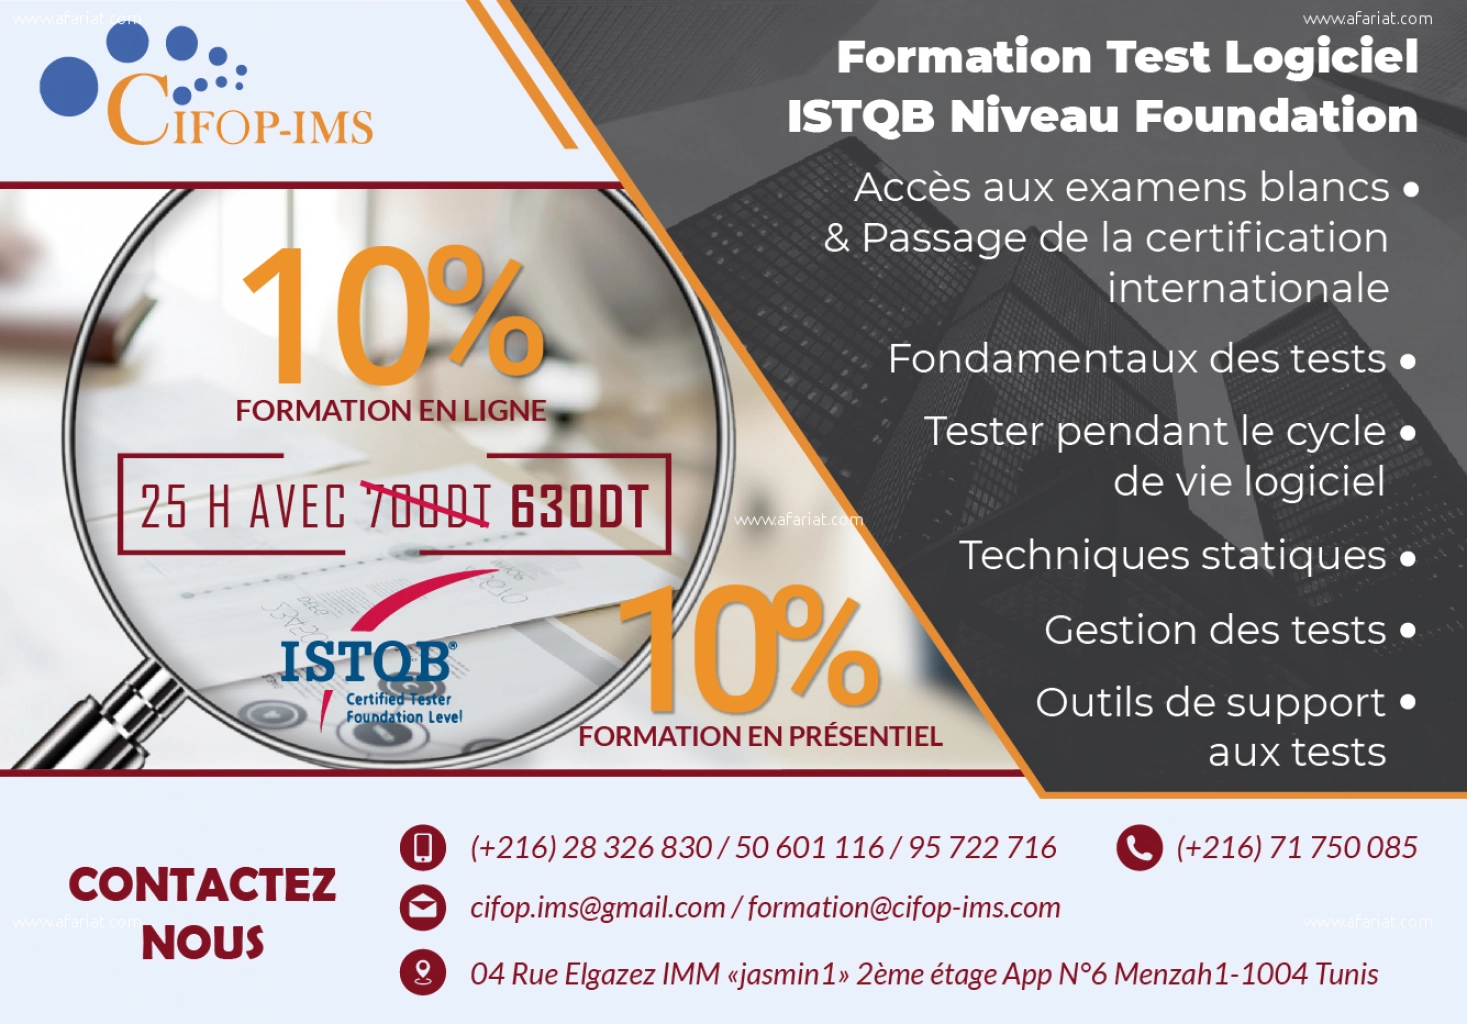 Formation test logiciel _ ISTQB
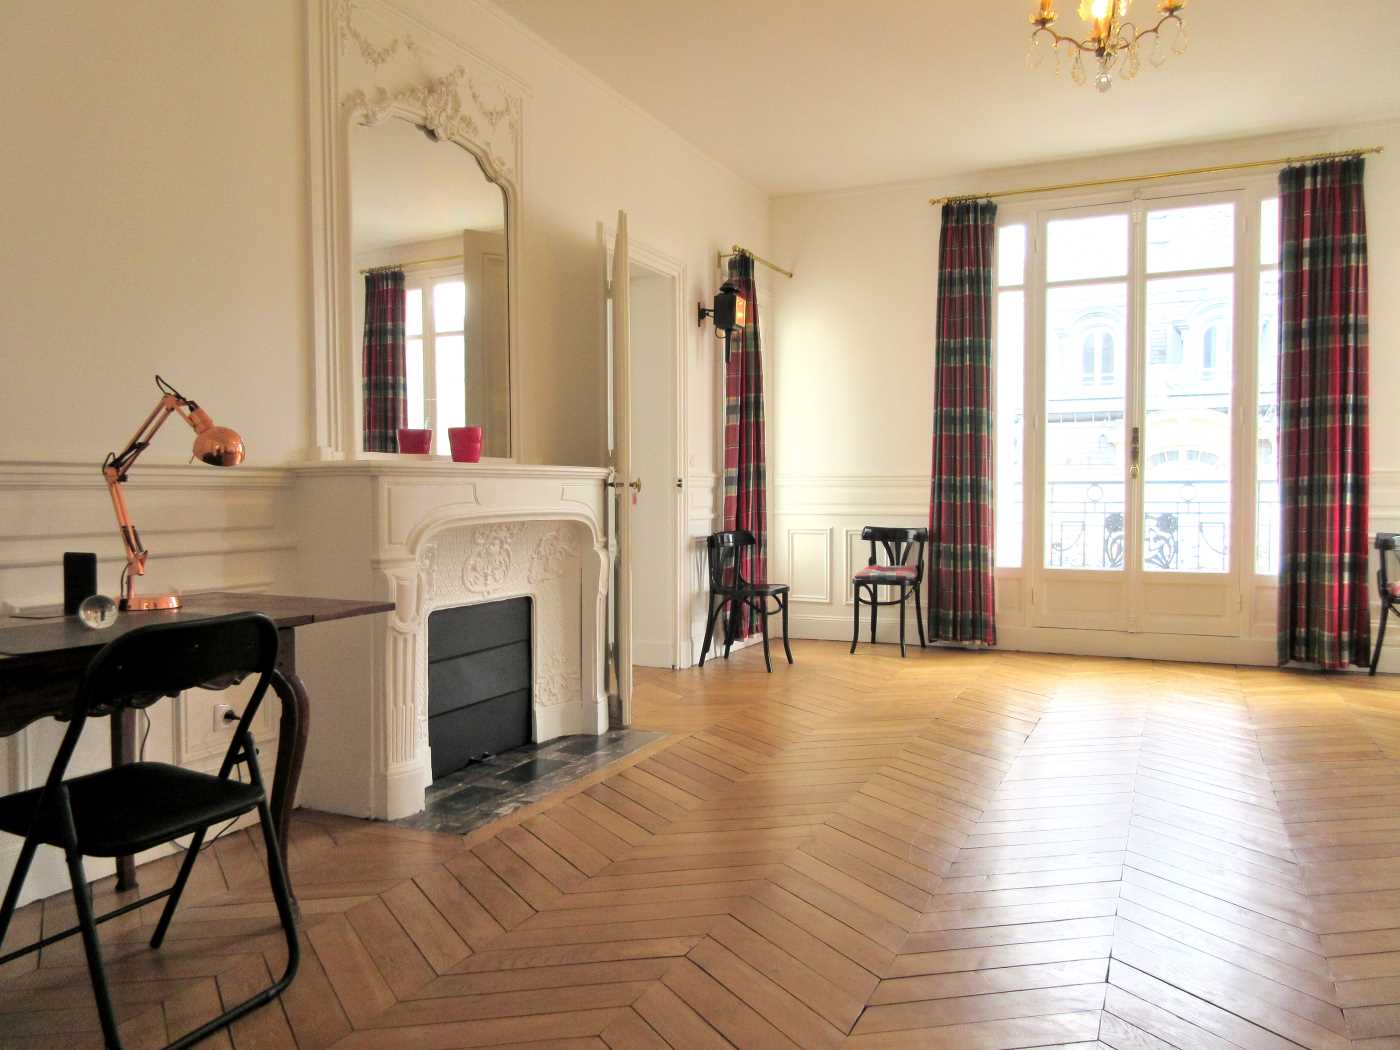 Location Appartement  Meubl   Paris  16 Cattalan Johnson 
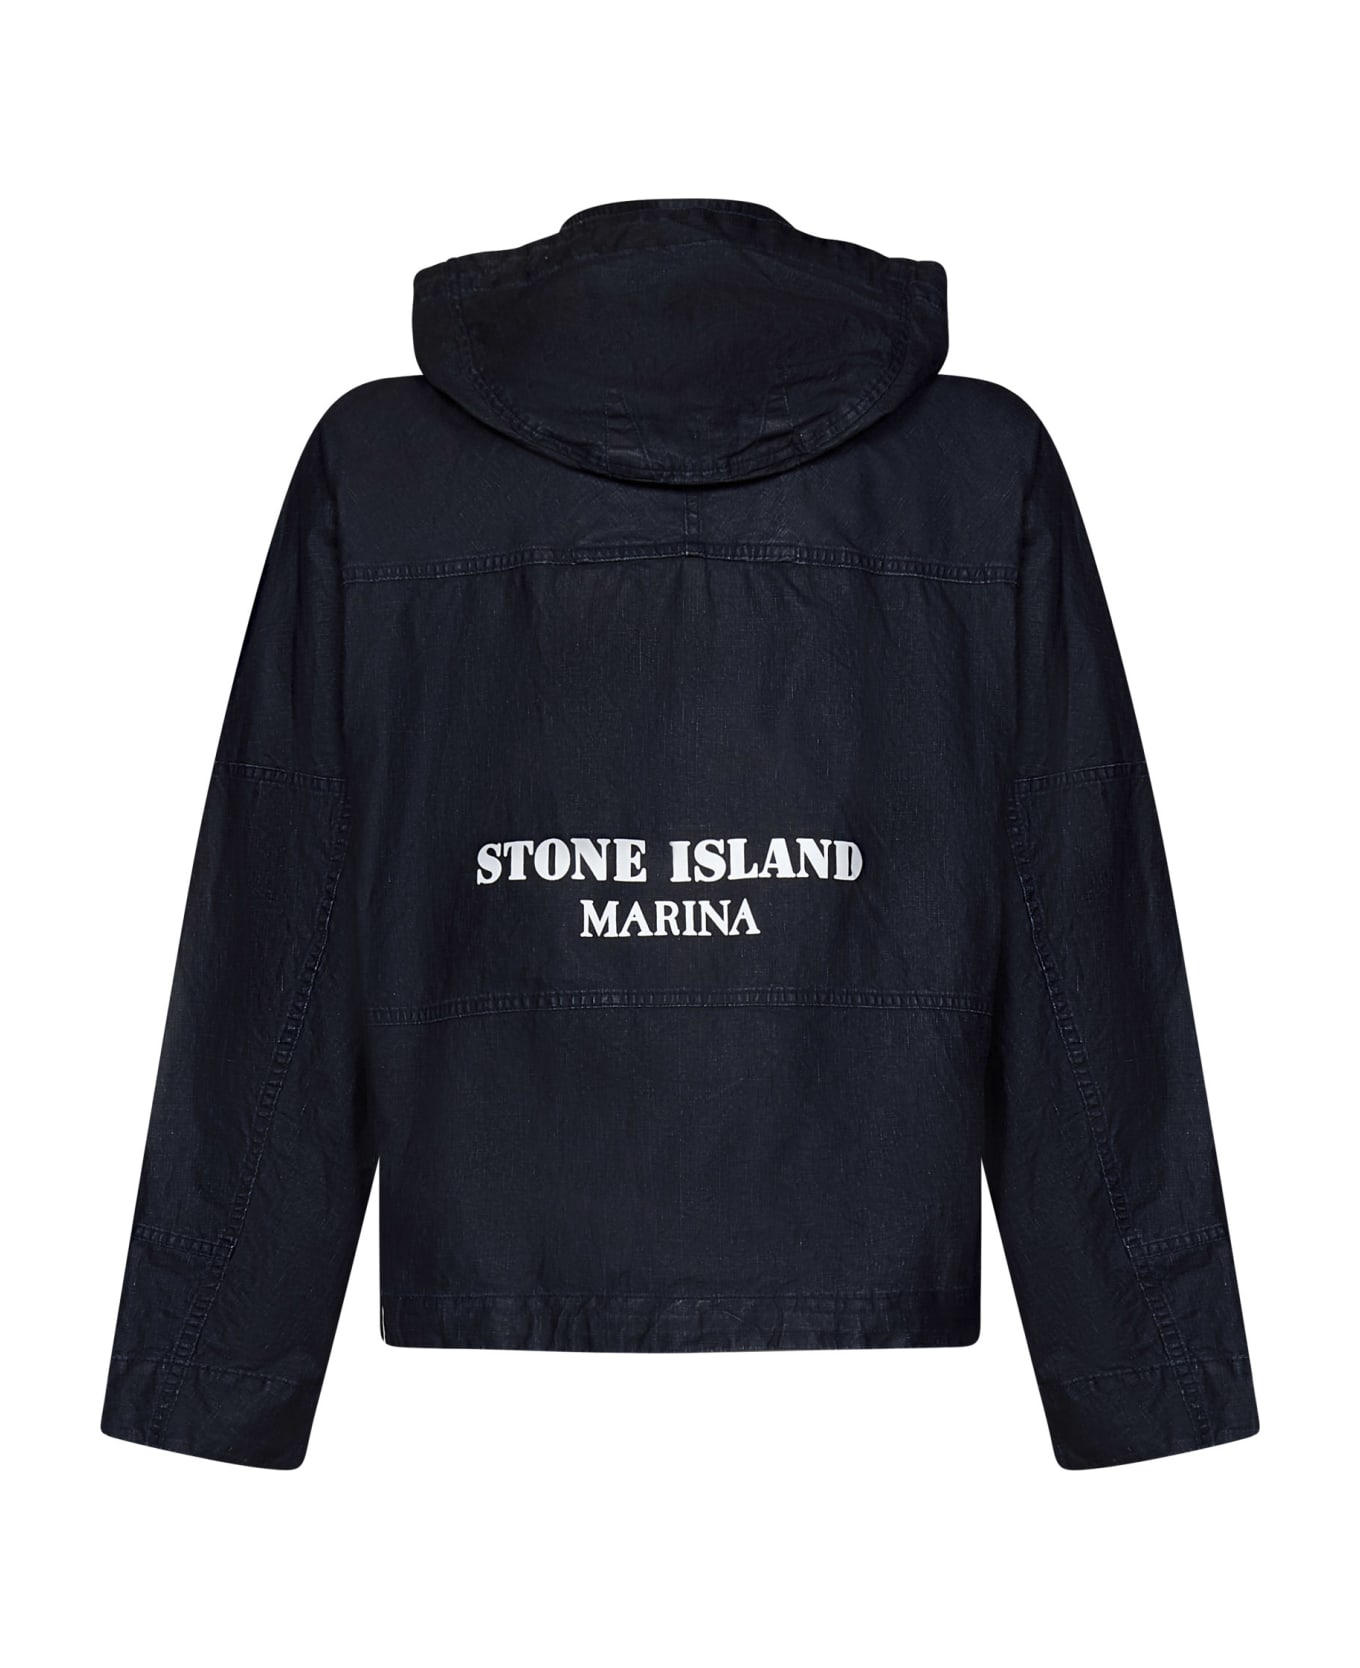 Stone Island Marina_raw Jacket - DENIM SCURO ジャケット

▶ Activity
Every line above should be retyped exactly; the pictures do not belong in the copy.

▶ Problem solution
 Formation test logiciel _ ISTQB
 Location Appartement  Meubl   Paris  16 Cattalan Johnson 
 Stone Island Marina_raw Jacket - DENIM SCURO ジャケット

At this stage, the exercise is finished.